A Prehistoric Puzzle
Fast-forward to today. Let's pretend we're in Antarctica. It's chilly, it's barren, and we're standing near a large grouping of exposed glassy rock along the Transantarctic Mountains, adjacent to the Ross Ice Shelf, called the Butcher Ridge Igneous Complex (BRIC).
"I actually heard about these rocks when I was a grad student 20 or so years ago, and they're just really weird," Cottle said. Remote, even by today's Antarctic exploration standards, the BRIC is unusual because the rocks' composition and formation are uncharacteristic of nearby rock formations, with, among other things, large amounts of glass and layered alteration that indicates significant physical, chemical or environmental events that changed their mineral composition.
Cottle got the chance to finally sample the BRIC on a recent expedition, and in the process of analyzing how it was formed, he and his team encountered an "unusually large amount of water."
"So you have a really hot rock that interacts with water, and as it cools, incorporates it into the glass," he said. "If you look at the composition, then you can tell something about where that water came from. It can exist as hydroxyl, which tells you that it probably came from the magma, or it could be molecular, which means it is probably external."
What they were expecting to see was that the alteration in the rock was caused by the water already in the magma as it cooled. What they found instead was a record of a climate process that was thought not to have existed at the time.

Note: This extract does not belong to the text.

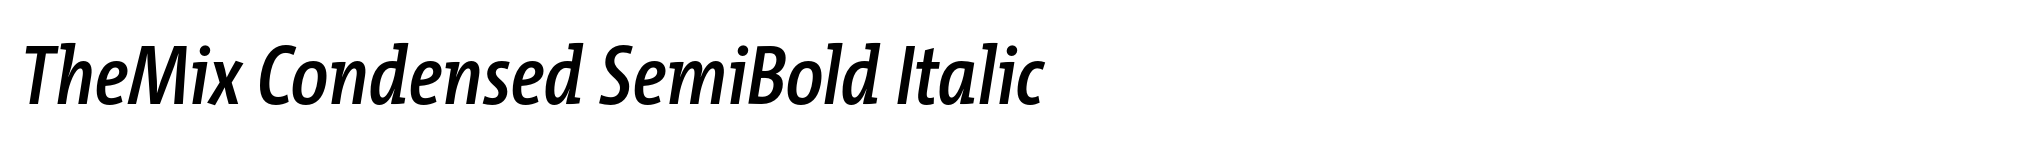 TheMix Condensed SemiBold Italic image

In their spectroscopic analysis of the samples, the researchers determined that while some of the water indeed originated with magma as it plumed upward from Earth's interior, as the molten rock cooled into glass just beneath the Earth's surface, it also incorporated groundwater.
"We determined that most of the water in these rocks is externally derived," Cottle said. "We then measured the oxygen and hydrogen isotopic composition of the water and it matches very well to the composition of Antarctic snow and ice."
To lock in their result, Cottle and team also conducted argon-argon geochronology to date the rock and its alteration.
"The problem is, these rocks are Jurassic, so about 183 million years old," he said. "So when you measure the alteration, what you don't know is when that happened." They were able to recover the age of the rock (Jurassic), but also found a younger age (Cretaceous). "So when these rocks cooled and were altered," he continued, "it also reset the argon isotope as well, and you can match the age of the alteration to the composition of the alteration."
There are other, similar volcanic rocks roughly 700 km north of the BRIC that also have a Cretaceous alteration age, indicating that polar glaciation might have been regionally extensive in Antarctica during that time. "What we'd like to do is go to other places in Antarctica and see if we can determine the scale of the glaciation, if we recover the same results that we've already found," he said.
Finding evidence of large ice sheets dating back to the Cretaceous might not alter our general picture of a hot and humid Earth at that time, Cottle said, "but we would have to think about the Cretaceous and Antarctica quite differently than we do now."